Notice that \(N\) is in both of the distributions given above. This is important. Our theory is that \(C\) contains information about \(N\). So we’re actually goint to estimate \(N\) even though we already have the mark-recatpure estimate, \(\hat{N}\). If \(C\) is totally unrelated to \(N\), then our new estimate of \(N\) will match \(\hat{N}\). But if there is a relationship, then the new estimate of \(N\) will leverage information contained in \(C\). Recall that we know the mark-recapture estimate is imperfect (\(se_{\hat{N}}\)).
- \(p\)~Beta(\(a\),\(b\))
We shouldn’t assume that the proportion of the total abundance counted in the index site is perfectly contsant across years. Let’s give it some ability to move around. The paramters of the Beta distribution will describe how much \(p\) varies. For example, in the plot below \(p\) is constrained to a probability distirubiton defined by the Beta distribution where \(a\)=2 and \(b\)=40. We really want to know the values of \(a\) and \(b\) because they determine how well we can predict \(N\) when we only have \(C\).
p<-seq(0,1,0.01)
dp<-dbeta(p,2,40)
plot(p,dp,type='l',ylab='Probability Density',xlab='p')
Simulation test
First, let’s prove-up the theory I’ve outlined above with a simulation. Let’s choose values of \(N\), \(se_{\hat{N}}\), \(a\), and \(b\) and then use these to create data, \(\hat{N}\), and \(C\).
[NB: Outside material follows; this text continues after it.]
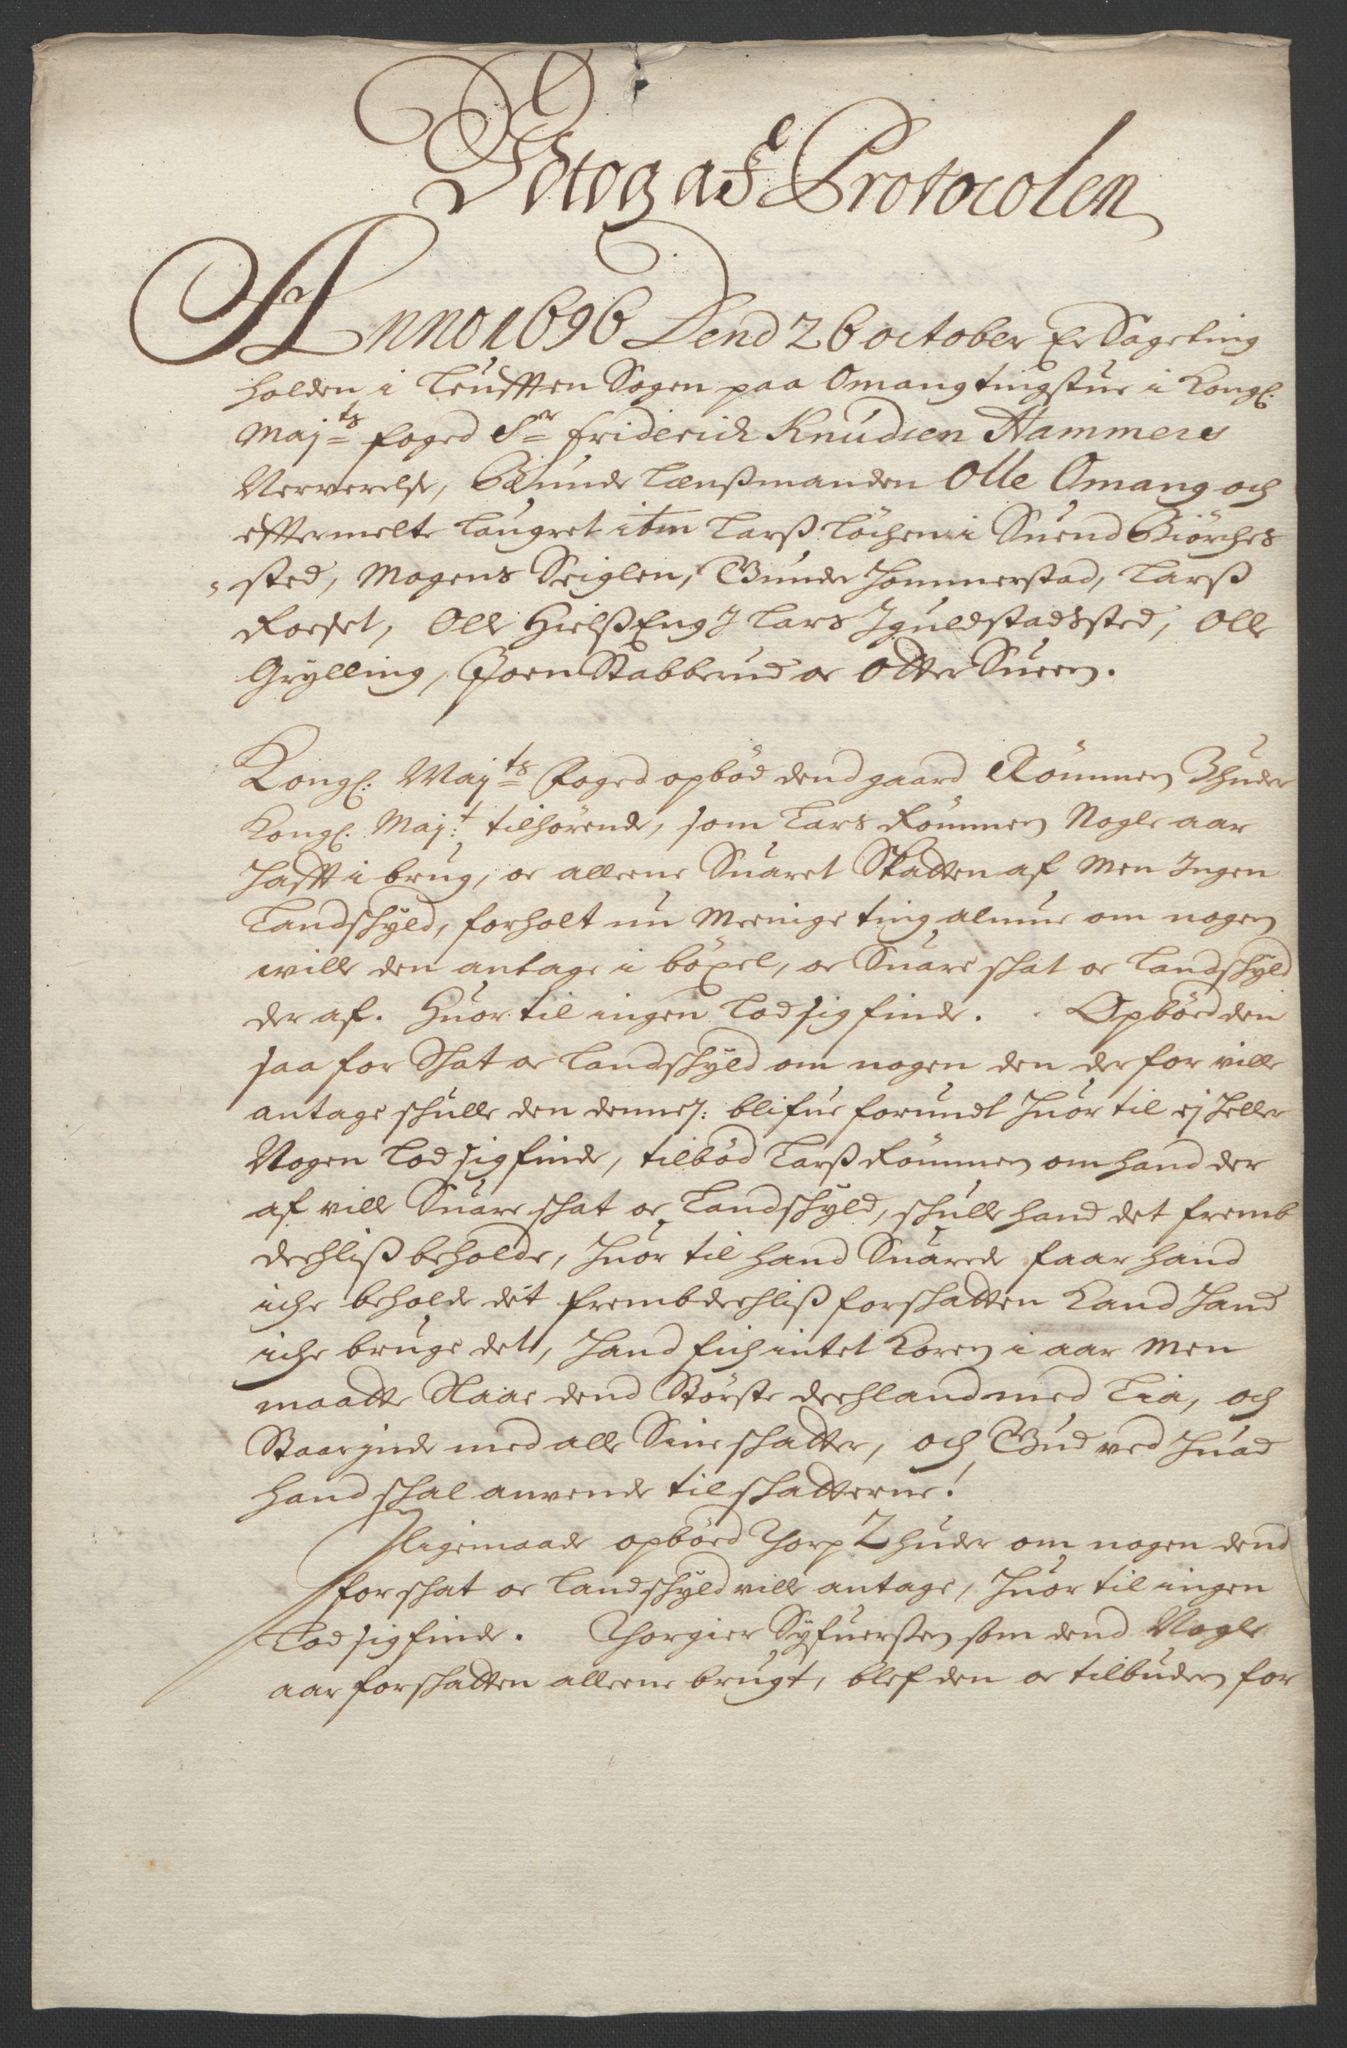 RA, Rentekammeret inntil 1814, Reviderte regnskaper, Fogderegnskap, R16/L1036: Fogderegnskap Hedmark, 1695-1696, s. 429

N<-floor(rlnorm(10,8.5,0.5)) #params here aren't of interest
sdNhat<-rnorm(10,100,20) #params here aren't of interest
Nhat<-floor(rnorm(10,N,sdNhat)) #This matches the first line of the model.
p<-rbeta(10,3,15) #This matches the third line of the model. a=3, and b=15.
C<-rbinom(10,N,p) #This matches the second line of the model.
Now we need to write a statistical model that will just receive data \(\hat{N}\), \(se_{\hat{N}}\), \(C\) and then estimate the paramters \(N\), \(a\), \(b\), which we already know. We’ll do this below by maximizing the likelihood of the joint data, \(\hat{N}\), \(se_{\hat{N}}\), \(C\). For computational reasons, we’ll actually minimize the negative log likelihood, which is the same thing.
library(rmutil)
##
## Attaching package: 'rmutil'
## The following object is masked from 'package:stats':
##
## nobs
LL1<-vector()
LL2<-vector()
NLL<-function(data,par){
for (i in 1:10){
LL1[i]<-dnorm(Nhat[i],par[i],sdNhat[i],log=TRUE)
LL2[i]<-dbetabinom(C[i],floor(par[i]),par[11],par[12],log=TRUE)
}
-1*(sum(LL1)+sum(LL2))
}
out<-optim(par=c(rep(10000,10),0.2,2),fn=NLL,data=list(Nhat=Nhat,sdNhat=sdNhat,C=C),method='L-BFGS-B',lower=c(rep(min(N),10),0.0001,1),upper=c(rep(max(N),10),0.9999,100),control=list(factr=1e3))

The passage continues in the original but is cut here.